Institut Pasteur, Unité des Interactions Bactéries-Cellules, Paris, F-75015, France.
Traffic. 2012 Dec;13(12):1653-66. doi: 10.1111/tra.12009. Epub 2012 Oct 11.
Invasive bacterial pathogens often target cellular proteins involved in adhesion as a first event during infection. For example, Listeria monocytogenes uses the bacterial protein InlA to interact with E-cadherin, hijack the host adherens junction (AJ) machinery and invade non-phagocytic cells by a clathrin-dependent mechanism. Here, we investigate a potential role for clathrin in cell-cell adhesion. We observed that the initial steps of AJ formation trigger the phosphorylation of clathrin, and its transient localization at forming cell-cell contacts. Furthermore, we show that clathrin serves as a hub for the recruitment of proteins that are necessary for the actin rearrangements that accompany the maturation of AJs. Using an InlA/E-cadherin chimera, we show that adherent cells expressing the chimera form AJs with cells expressing E-cadherin. We demonstrate that non-adherent cells expressing the InlA chimera, as bacteria, can be internalized by E-cadherin-expressing adherent cells. Together these results reveal that a common clathrin-mediated machinery may regulate internalization and cell adhesion and that the relative mobility of one of the interacting partners plays an important role in the commitment to either one of these processes.
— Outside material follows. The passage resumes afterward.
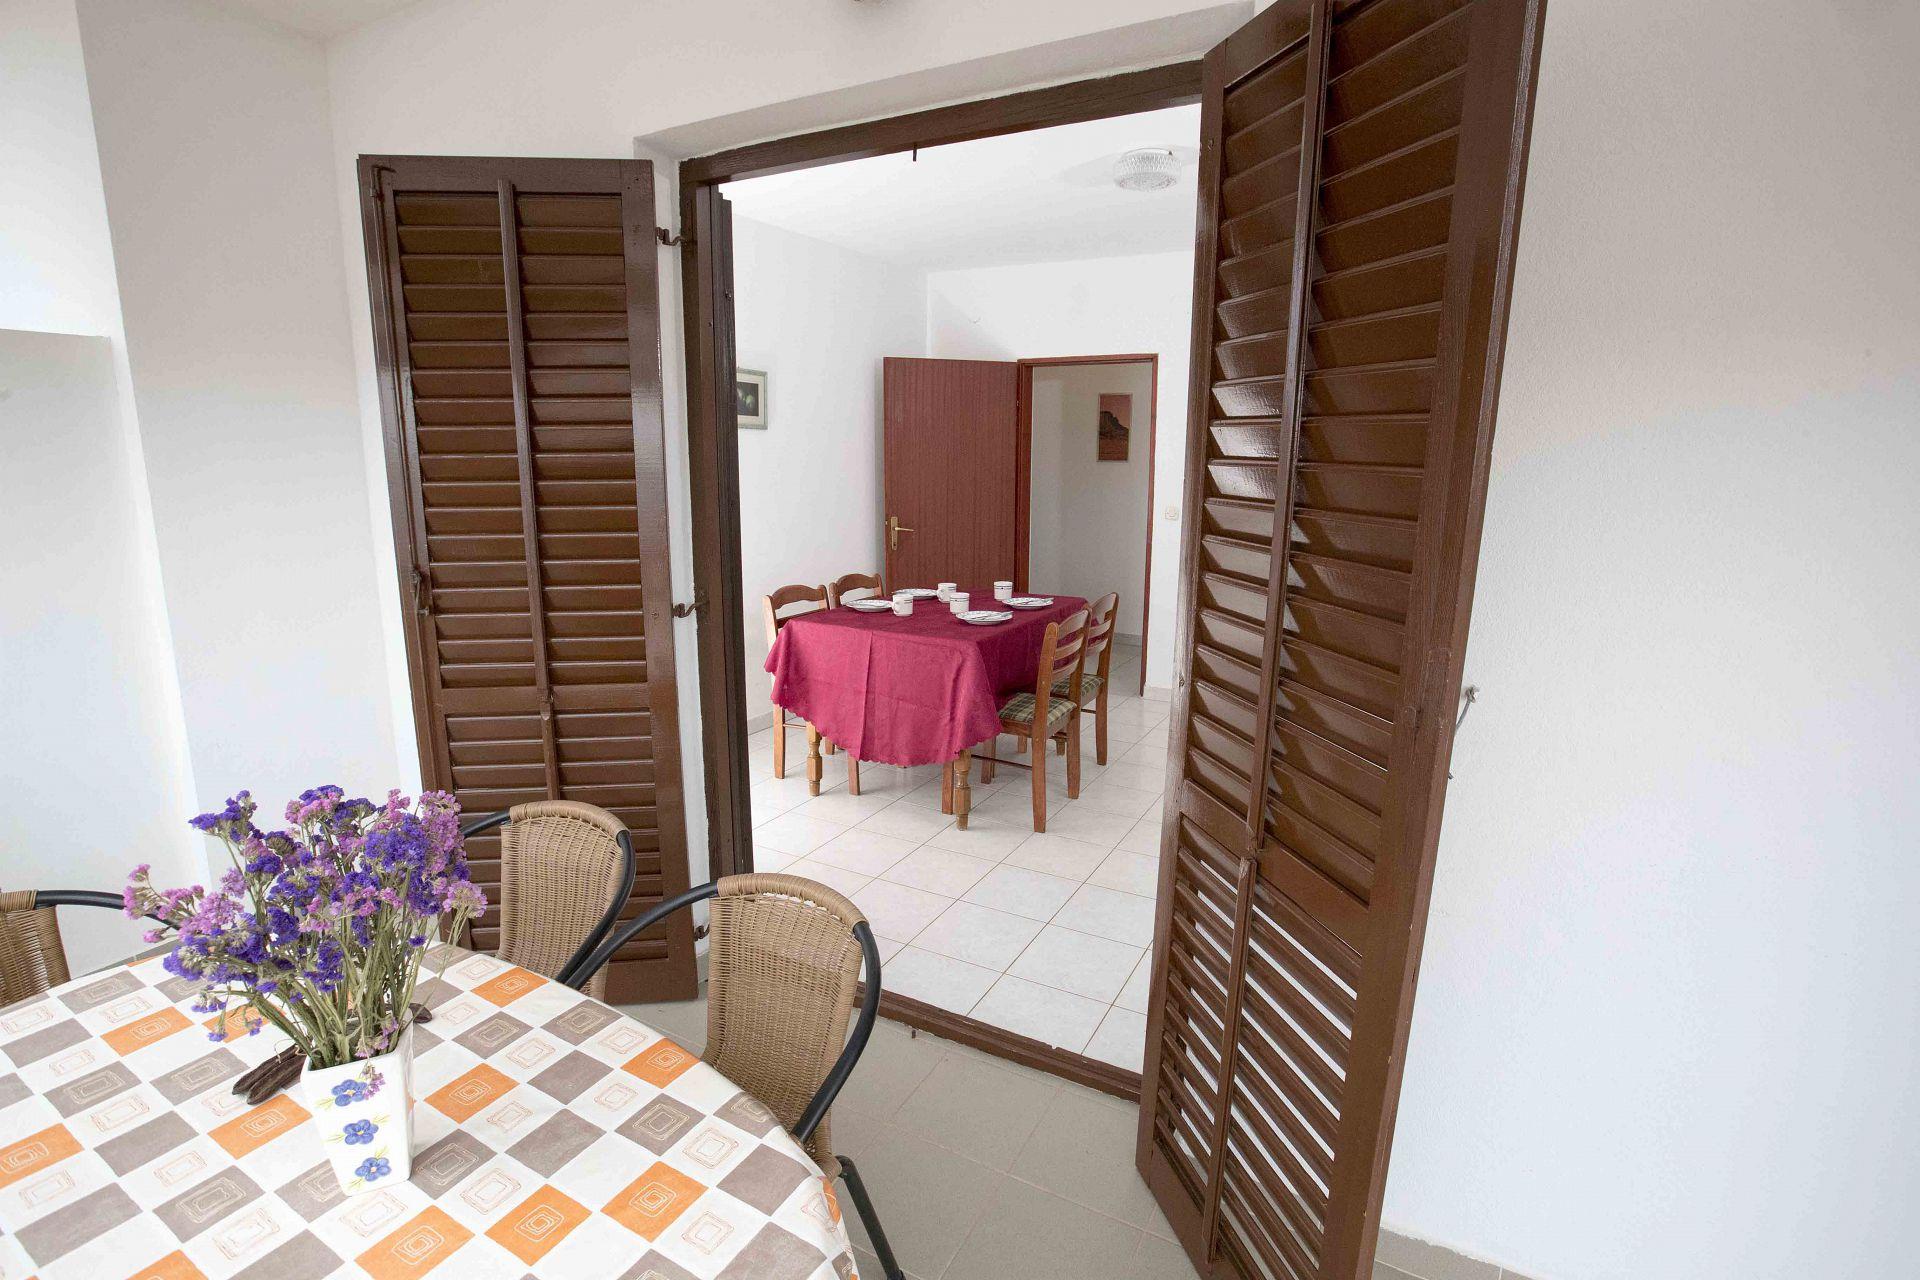 00603ZAVA - Zavala - Appartementen Kroatië - Tonia(4+1): terras

侵袭性细菌病原体通常将细胞内参与黏附的蛋白质作为感染过程中的第一个目标。例如,李斯特菌(Listeria monocytogenes)利用细菌蛋白 InlA 与上皮钙黏蛋白(E-cadherin)相互作用,劫持宿主黏着连接(adherens junction,AJ)机制,并通过网格蛋白依赖的机制侵入非吞噬细胞。在这里,我们研究了网格蛋白在细胞-细胞黏附中的潜在作用。我们观察到 AJ 形成的初始步骤会触发网格蛋白的磷酸化,并使其短暂定位于形成的细胞-细胞接触处。此外,我们表明网格蛋白作为募集参与伴随 AJ 成熟的肌动蛋白重排的蛋白质的枢纽。使用 InlA/E-cadherin 嵌合体,我们表明表达嵌合体的黏附细胞与表达 E-cadherin 的细胞形成 AJ。我们证明,表达 InlA 嵌合体的非黏附细胞(如同细菌)可以被表达 E-cadherin 的黏附细胞内化。这些结果表明,一种常见的网格蛋白介导的机制可能调节内化和细胞黏附,并且相互作用的一个伴侣的相对迁移性在决定这两个过程中的任何一个过程中起着重要作用。